Sentence type: Balanced mix of sentence types (typically between 40 to 60% simple sentences).

Sentence length: Medium-length sentences (typically between 12 and 16 average words per sentence).

Subordination: Moderate use of subordinate clauses (typically 25 to 45% of sentences have subordinate clauses).
The text features more elaborate sentences with multiple clauses and ideas, requiring more effort from the reader to parse. Consider if a text is very complex based on the following rates:

Sentence type: Most sentences are complex (<40% of sentences are simple sentences).

Sentence length: Longer sentences (typically between 16 to 19 average words per sentence).

Subordination: High use of subordinate clauses (typically >45% of sentences have subordinate clauses).
The text is dense with very long, intricate sentences and a high degree of subordination, making it exceptionally challenging for this grade level. The text is likely exceedingly complex if it meets at least two of the following criteria, including at least one from the structural density group:

Structural density:

Subordination: >50% of sentences have subordinate clauses.

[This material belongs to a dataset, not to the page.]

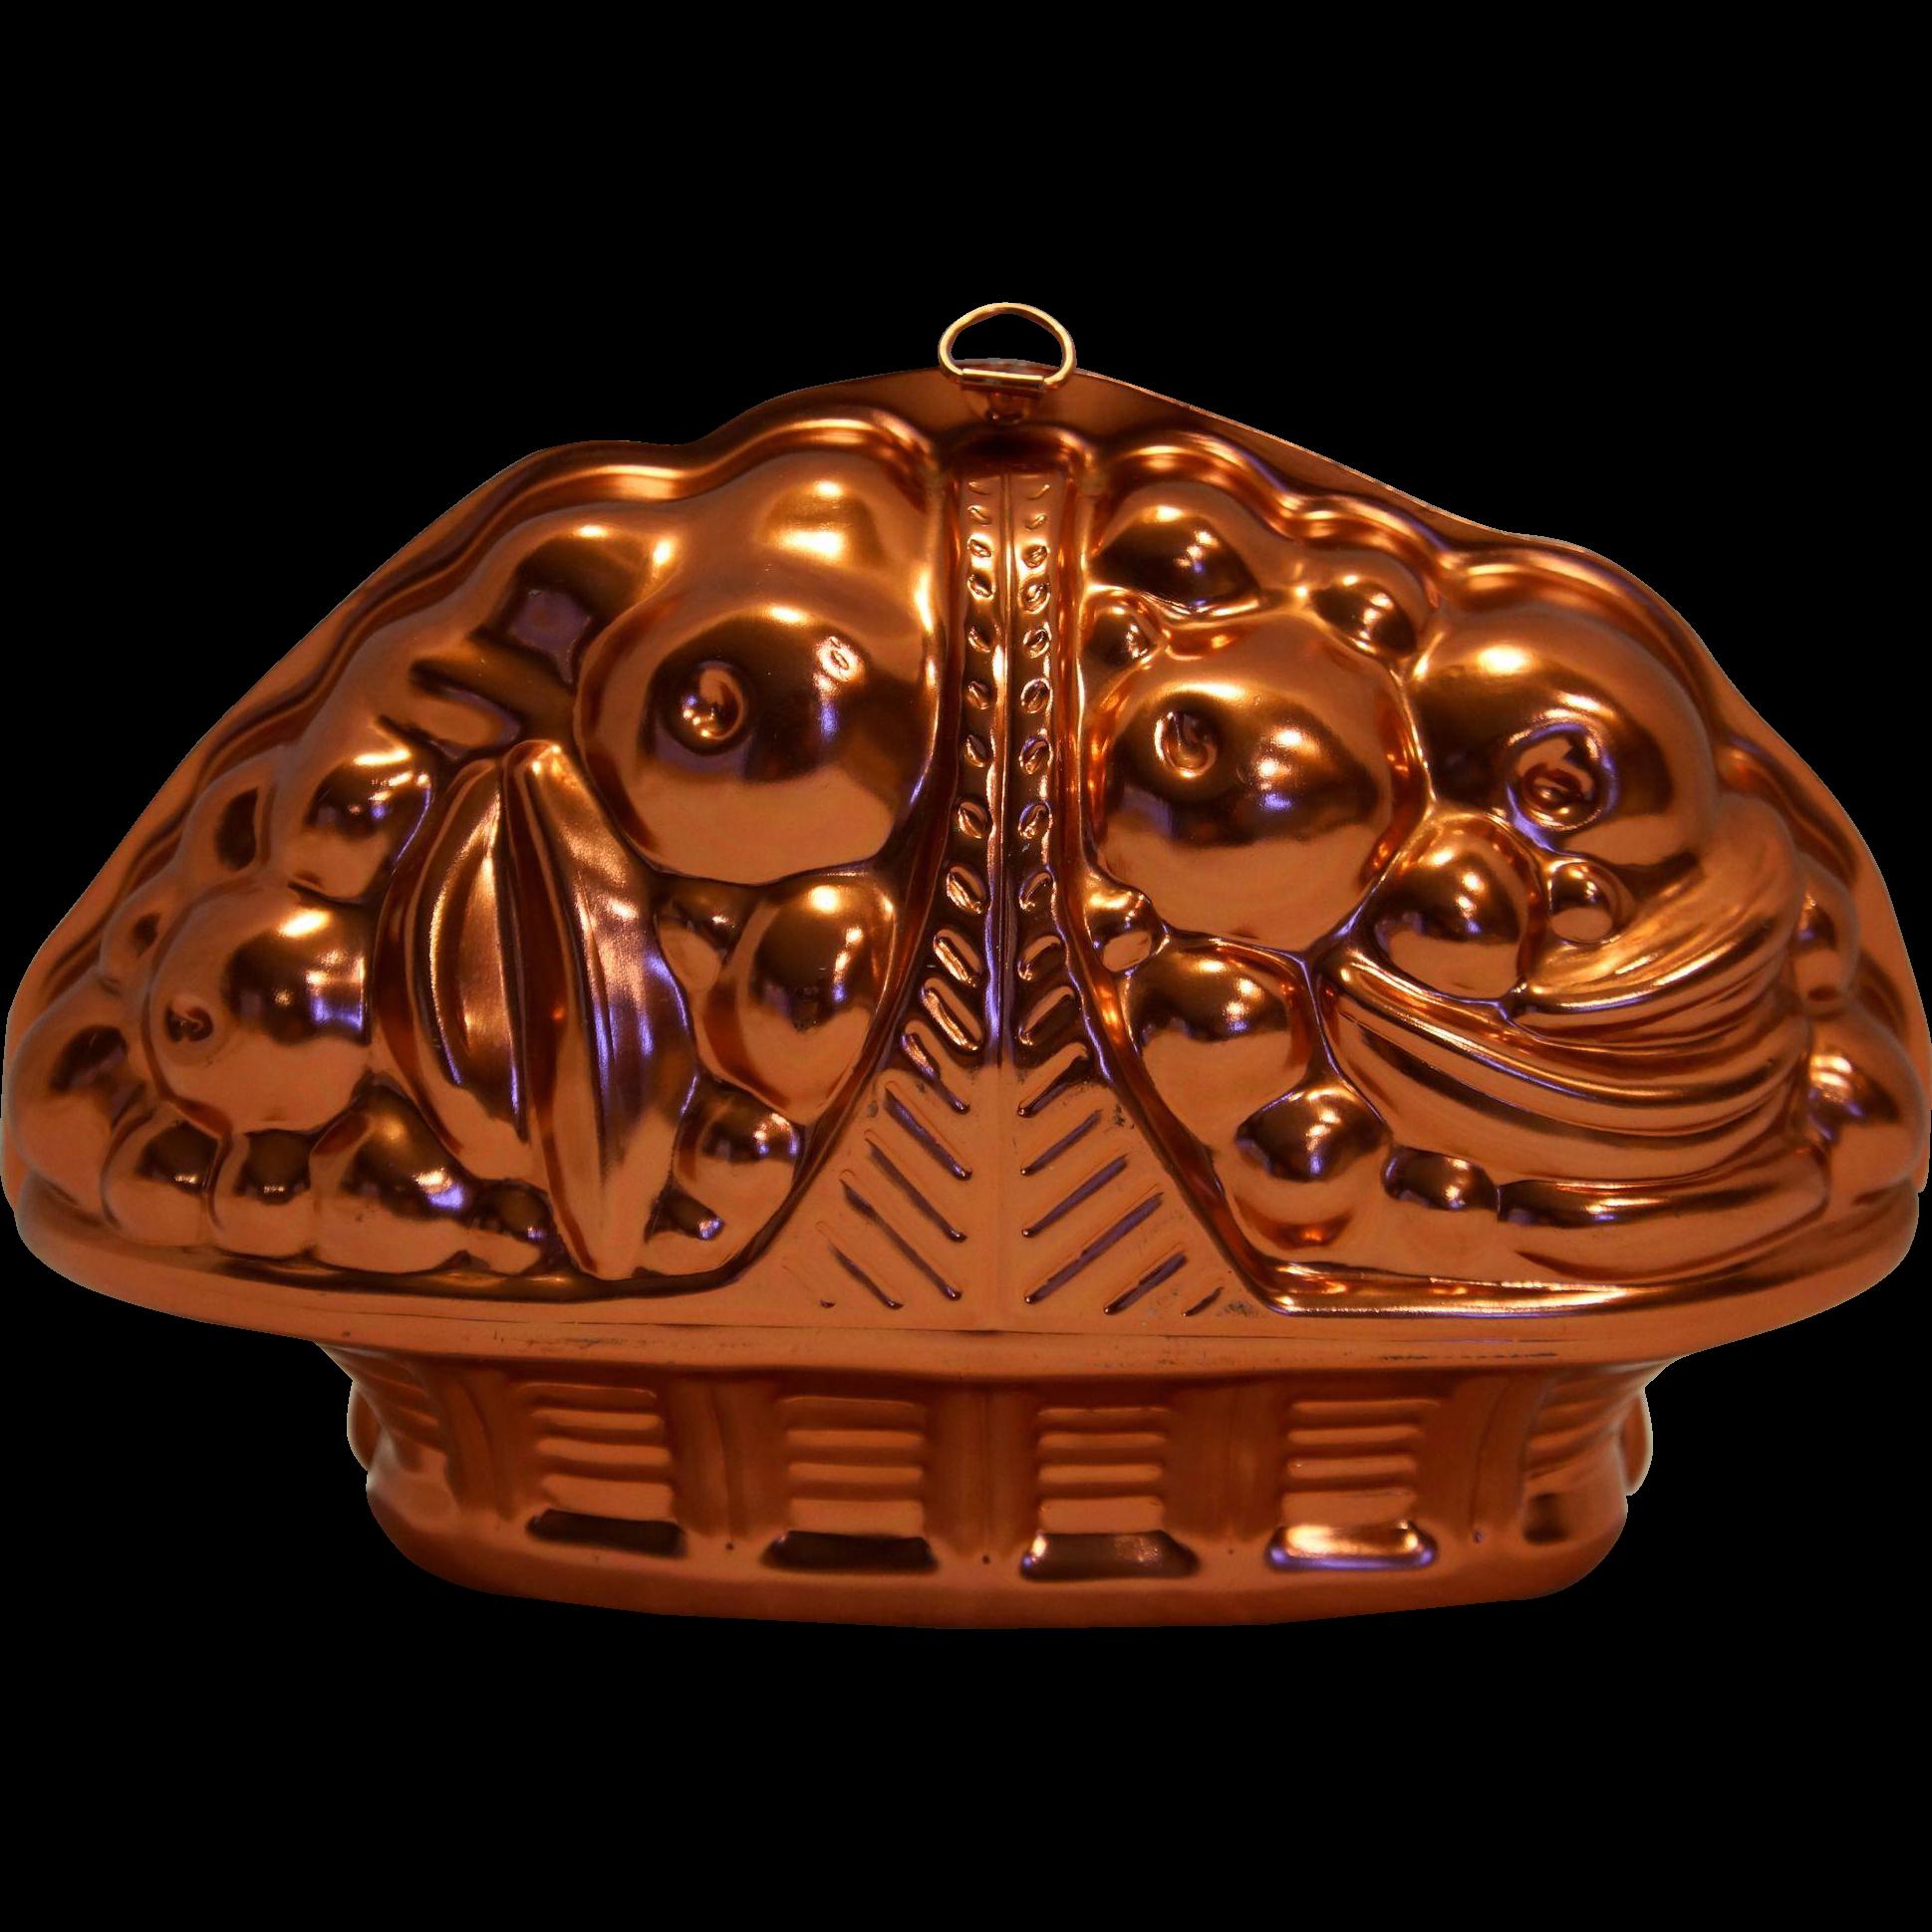 Mirro Pink Aluminum Copper Tone Fruit Basket Jello Mold Pan

Multiple subordination: >12% of sentences have more than one subordinate clause.

Syntactic complexity: >15% of students are compound-complex.

Length:

Sentence length: Very long sentence length (typically >19 average words per sentence).

High concentration of very long sentences: >15% of sentences have >=30 words.
Grade 4The text consists of simple, straightforward language and sentence structures. The text is likely slightly complex if it meets at least two of the following criteria:

Sentence type: Primarily simple sentences (typically > 55% simple sentences).

Sentence length: Short to medium sentences (typically <13 average words per sentence).

Subordination: Very low use of subordinate clauses (typically <30% of sentences have subordinate clauses).
The text shows a mix of simple and more complex sentences, introducing some variety in structure without being overly demanding. If the text is not slightly complex, then consider if it is moderately complex based on the following ranges:

Sentence type: Balanced mix of sentence types (typically between 40 to 55% simple sentences).

Sentence length: Medium length sentences (typically between 13 to 17 average words per sentence).

Subordination: Moderate use of subordinate clauses (typically 30 to 50% of sentences have subordinate clauses).
The text features more elaborate sentences with multiple clauses and ideas, requiring more effort from the reader to parse. Consider if a text is very complex based on the following rates:

Sentence type: Most sentences are complex (<40% of sentences are simple sentences).

Sentence length: Longer sentences (typically between 17 to 22 average words per sentence).

Subordination: High use of subordinate clauses (typically >50% of sentences have subordinate clauses).

Multiple subordination: >8% of sentences have more than one subordinate clause.
The text is dense with very long, intricate sentences and a high degree of subordination, making it exceptionally challenging for this grade level. The text is likely exceedingly complex if it meets at least two of the following criteria, including at least one from the structural density group:

Structural density:

Subordination: >60% of sentences have subordinate clauses

Multiple subordination: >15% of sentences have more than one subordinate clause

Syntactic complexity: >20% of students are compound-complex

Length:

Sentence length: Very long sentence length (typically >22 average words per sentence)

High concentration of very long sentences: >15% of sentences have >=30 words

Evaluator creation

Finally, we developed the Sentence Structure Evaluator. We tested different permutations of prompts, models, and temperature settings, looking for patterns in errors, and tuning our approach. In total, we ran over 150 experiments across 4 models, more than 20 prompts, and a range of temperature settings to define this evaluator.